Tristan and I misjudged the location of the talk. We thought it was around the corner from the State Library in Lt Lonsdale Street, in a place called The Wheeler Centre, who were the people promoting the talk in the newspaper. So we didn’t want to drift too far from there, and decided to eat at an indoor shopping mall opposite. The food was terrible, but I didn’t care. Expectation was building. We ate and we could see that we still had quite a bit of time so further south down Lt Lonsdale Street we walked towards a little pub/ bistro for a quick beer. On the way we met the third person on this excursion, Bridget (originally from Co. Clare), a friend from work.


The three of us talked about books in this quaint pub. I had never been here before, and with its bohemian style, and its foreign beers, records and turntable, and European decor, I suddenly felt I was in a different country. For me this kind of atmosphere added to my anticipation. We left with not a lot of time left, and I walked imagining I was in Colm’s shoes, a foreigner embracing the excitement of a new and unfamiliar city.


The complication of the evening took place outside The Wheeler Centre, in that I suddenly realised it wasn’t the venue at all, and we quickly walked up Exhibition Street to Collins Street, and the Collins Street Baptist Church, anxious suddenly about the time. What was I thinking? I knew the talk was going to take place here. A true snapshot of my usual muddled forward planning.

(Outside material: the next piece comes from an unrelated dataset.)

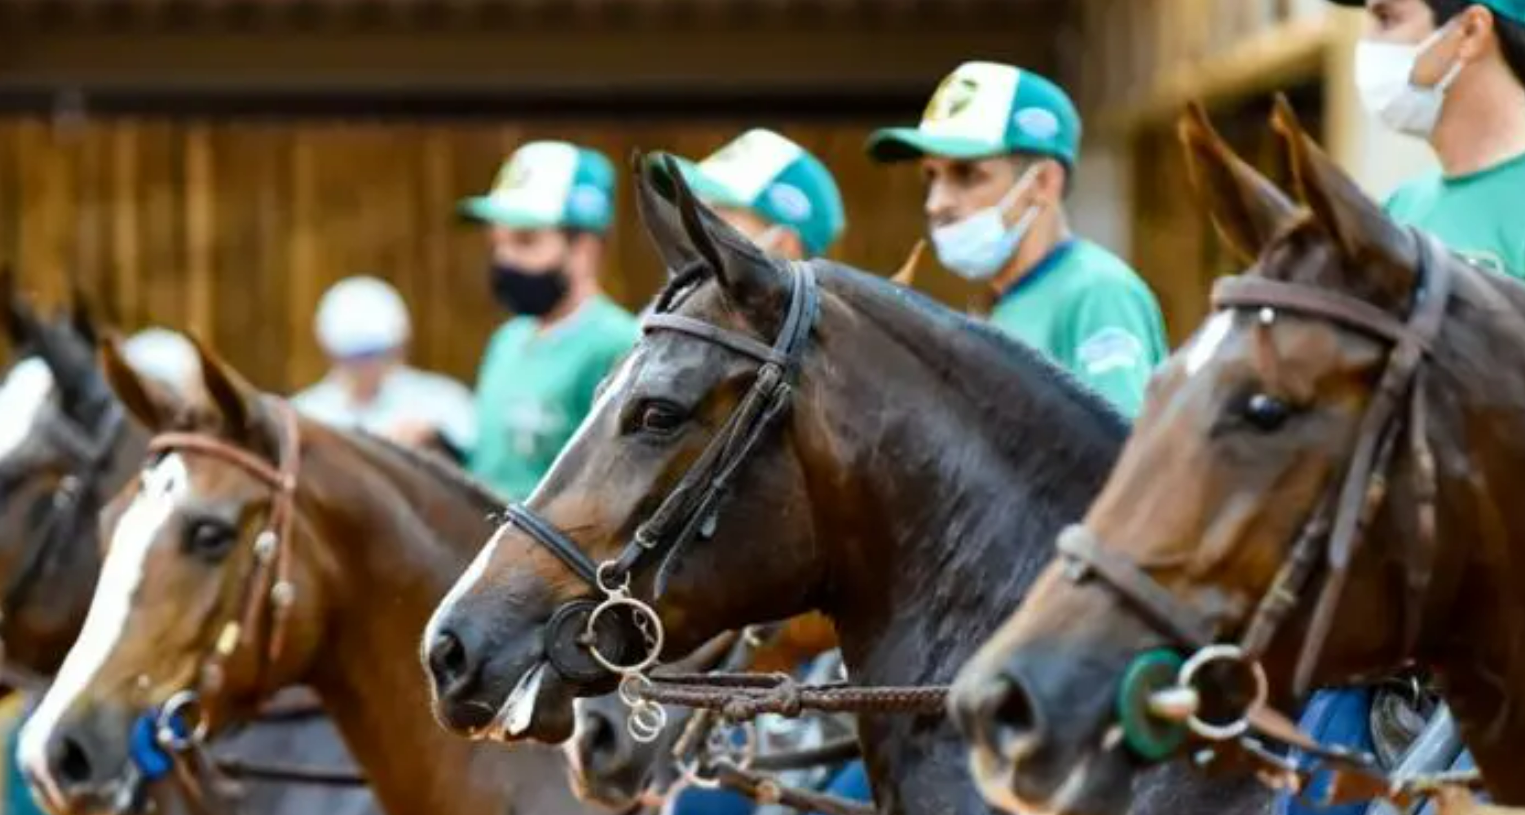 O maior evento da raça Mangalarga do Brasil começou e já comemora números expressivos. 44ª Exposição Nacional do Cavalo Mangalarga, realizada entre hoje (7)...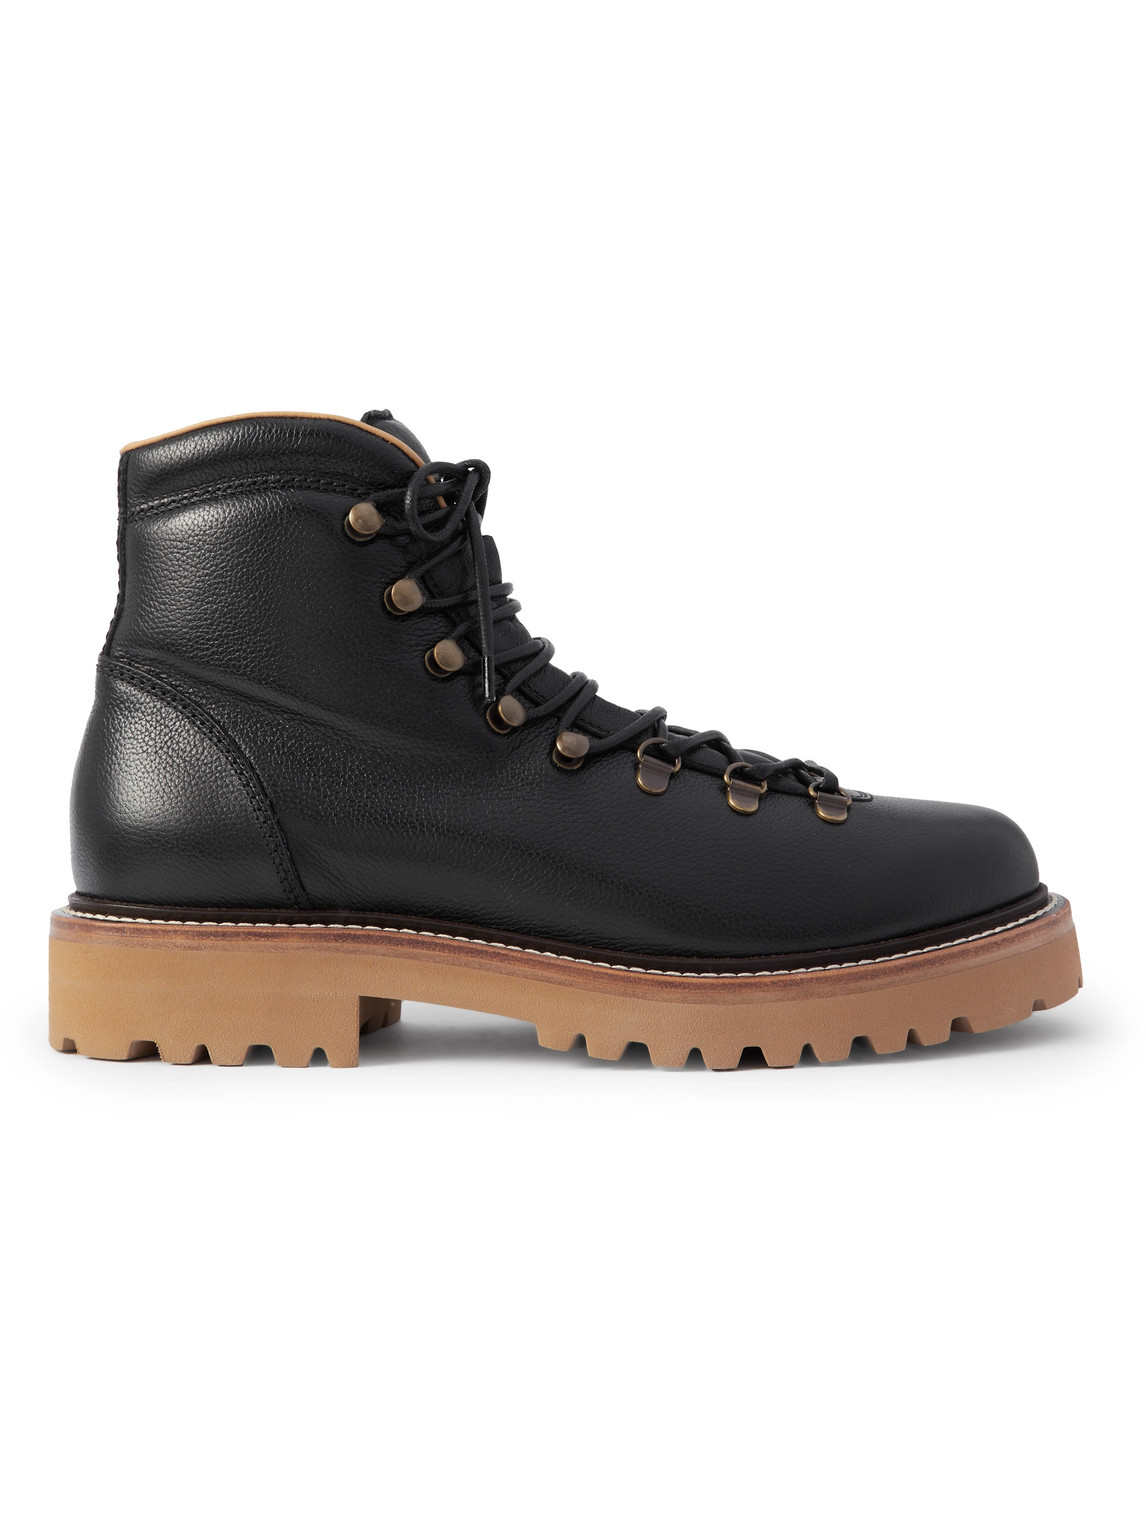 Brunello Cucinelli - Leather Hiking Boots - Men - Black - EU 44.5 von Brunello Cucinelli

The reverence of the church with its lovely white walls seemed fitting somehow for Colm Toibin’s talk. This was my third occasion with him, and I knew what to expect. A beautiful rich Irish voice, a warm and engaging manner, an unpretentious casualness, humorous and slightly self conscious, open and honest, and above all, interesting and intelligent. We were almost late- as a result, we were sitting in the balcony seats, ‘up in the gods’, like a rock concert with its large volume of people. I felt impressed and pleased for him that a quiet one- off visit to Melbourne would attract this much attention.


Colm was here primarily to promote his more or less recent novel, Brooklyn. Throughout the course of an hour, he completed three readings from it. The two that I best remember concerned the main character, and immigrant from Co. Wexford making the most of a forced situation, living in America. This was of an early chapter in which Eilish is sad and feels trapped because it is designated that she is the family member going to America, when she desperately would prefer it was her older sister, Rose. Eilish thinks of her packed suitcase forlornly, and reflects on the fact that the next time the suitcase will be opened, it will be in a new, unfamiliar country. It would be so much easier for her to continue her safe, ordinary life in Ireland.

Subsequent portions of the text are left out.